Cela ne fait pas de doute : depuis des mois, malgré une situation extrêmement difficile due au Covid-19, les acteurs de la Culture ont fait preuve d’inventivité, de souplesse, de pugnacité et de conviction. Où en sont-ils ? Leurs stratégies pourraient-elles poser les bases d’une nouvelle place de la Culture dans la Cité ? On peut toujours rêver… en tout cas, s’en inspirer. Quand la culture se réinvente…

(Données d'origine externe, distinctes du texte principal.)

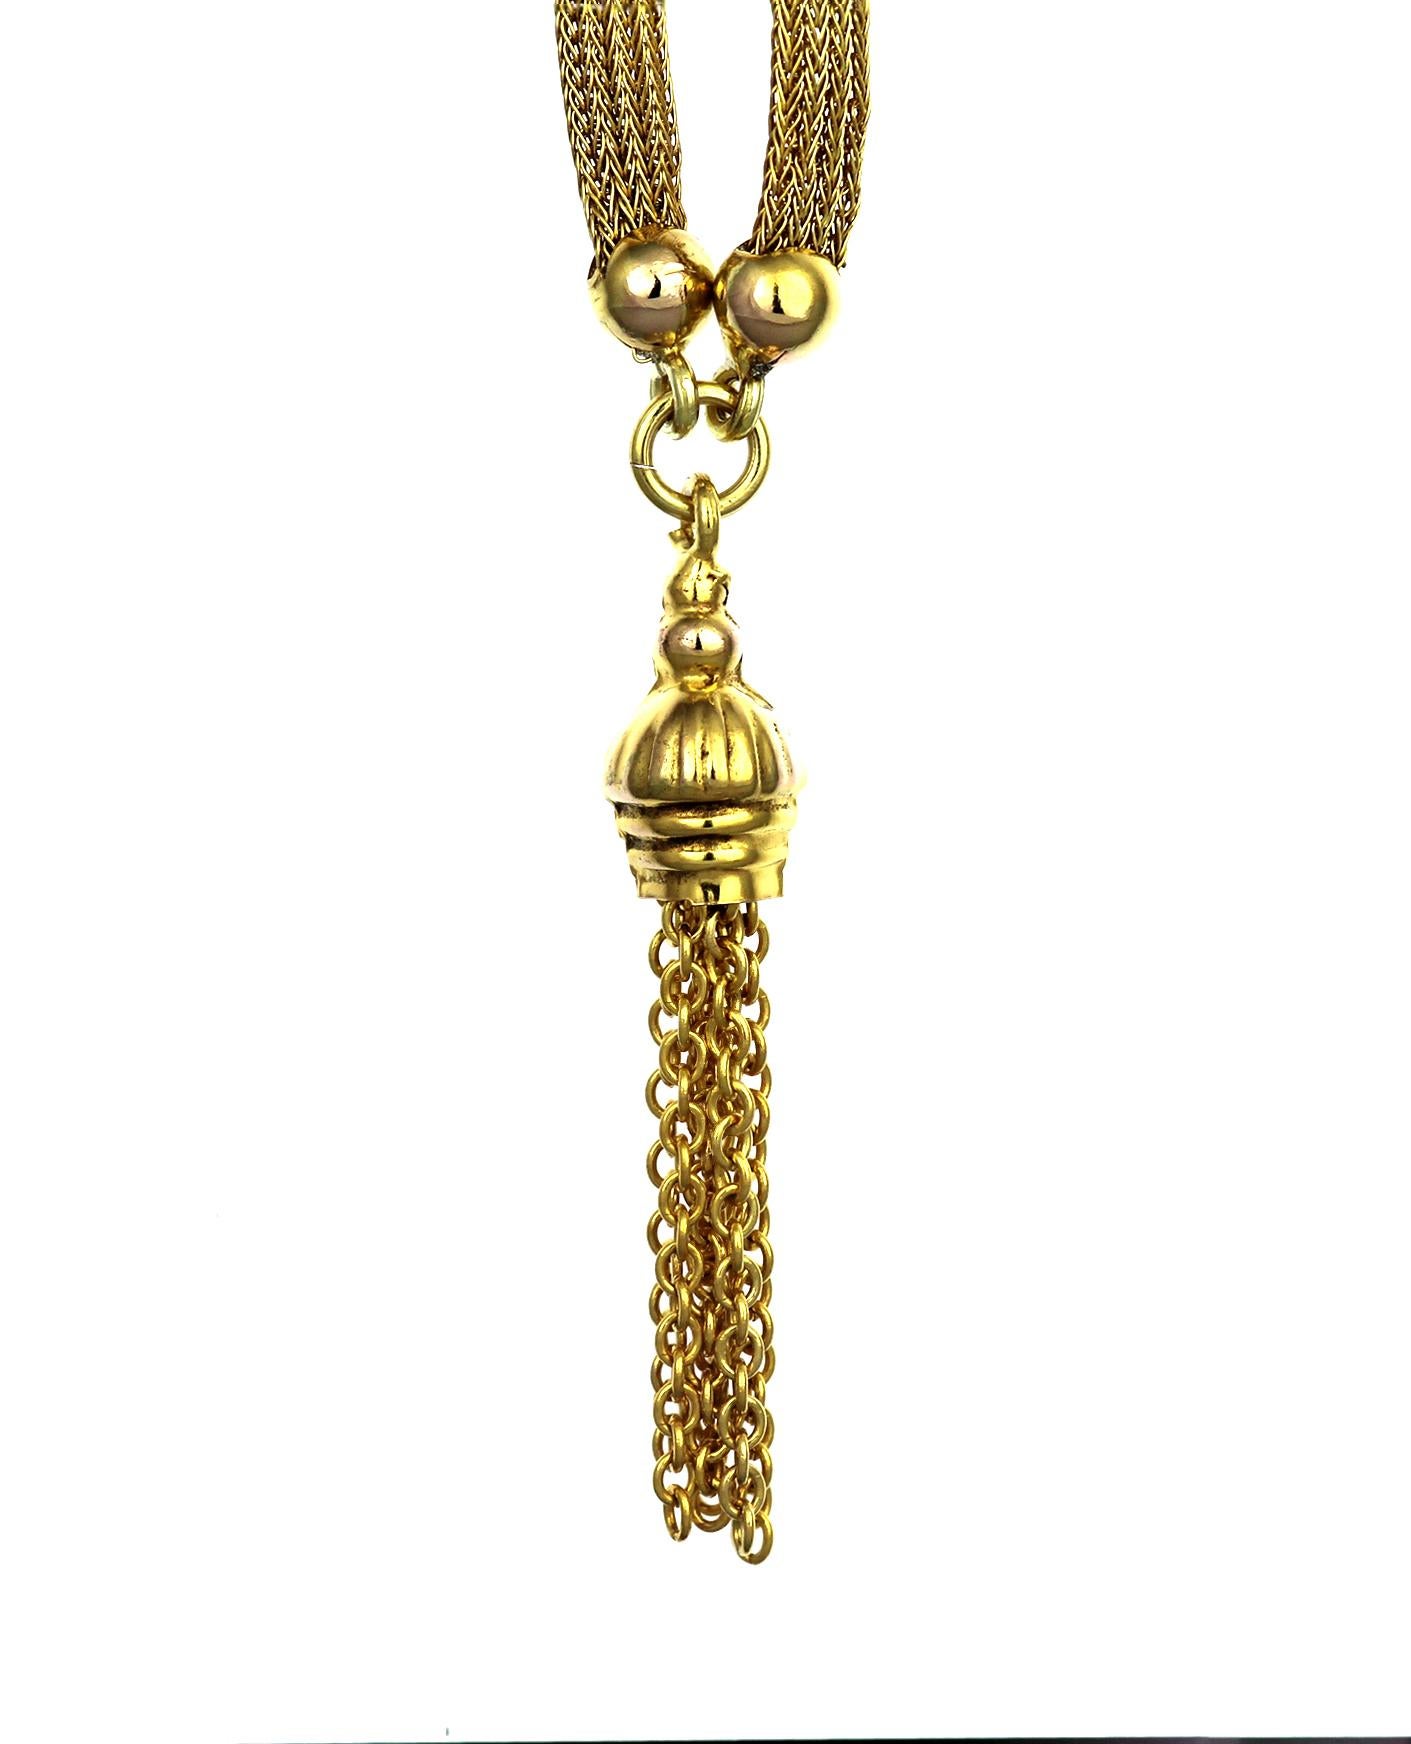 Antique 1880 12K Gold Long Chain/Necklace with Tassel Links with Enamel Panel For Sale 1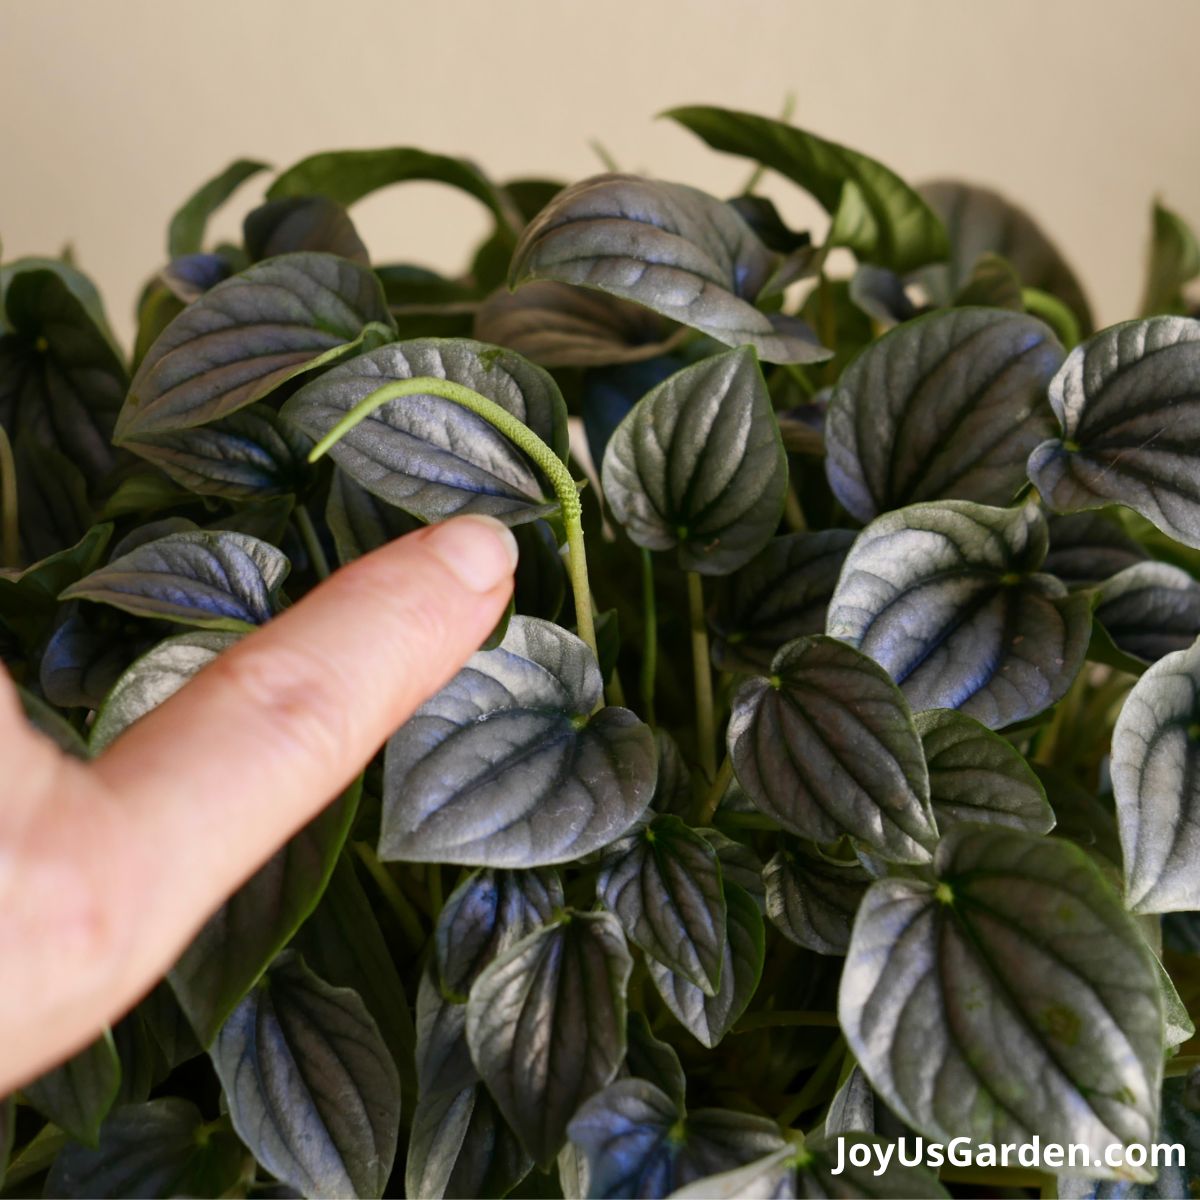 nell foster finger pointing at the green flower spike of a silver ripple peperomia

Rappelez-vous le confinement, il y a seulement quelques mois. Jamais nous n’avons eu autant envie et besoin de culture. Paradoxalement, jamais la culture n’a été dans une situation aussi difficile. Ses acteurs ont pourtant tout fait pour étancher notre soif, malgré la fermeture et réouverture tardive des lieux accueillant du public. Ils ont aussi tout fait pour soutenir les artistes, en ont profité pour toucher d’autres spectateurs. En clair, ils étaient plus que jamais à leur place dans la Cité. Voici un court panorama, non-exhaustif évidemment, de leurs situations, de leurs actions et de leurs envies pour demain, que la crise a en partie nourries. Si pour certains elle est une catastrophe, pour d’autres – notamment ceux dont les subventions constituent l’essentiel du budget –, elle est aussi l’occasion d’explorer de nouvelles pistes.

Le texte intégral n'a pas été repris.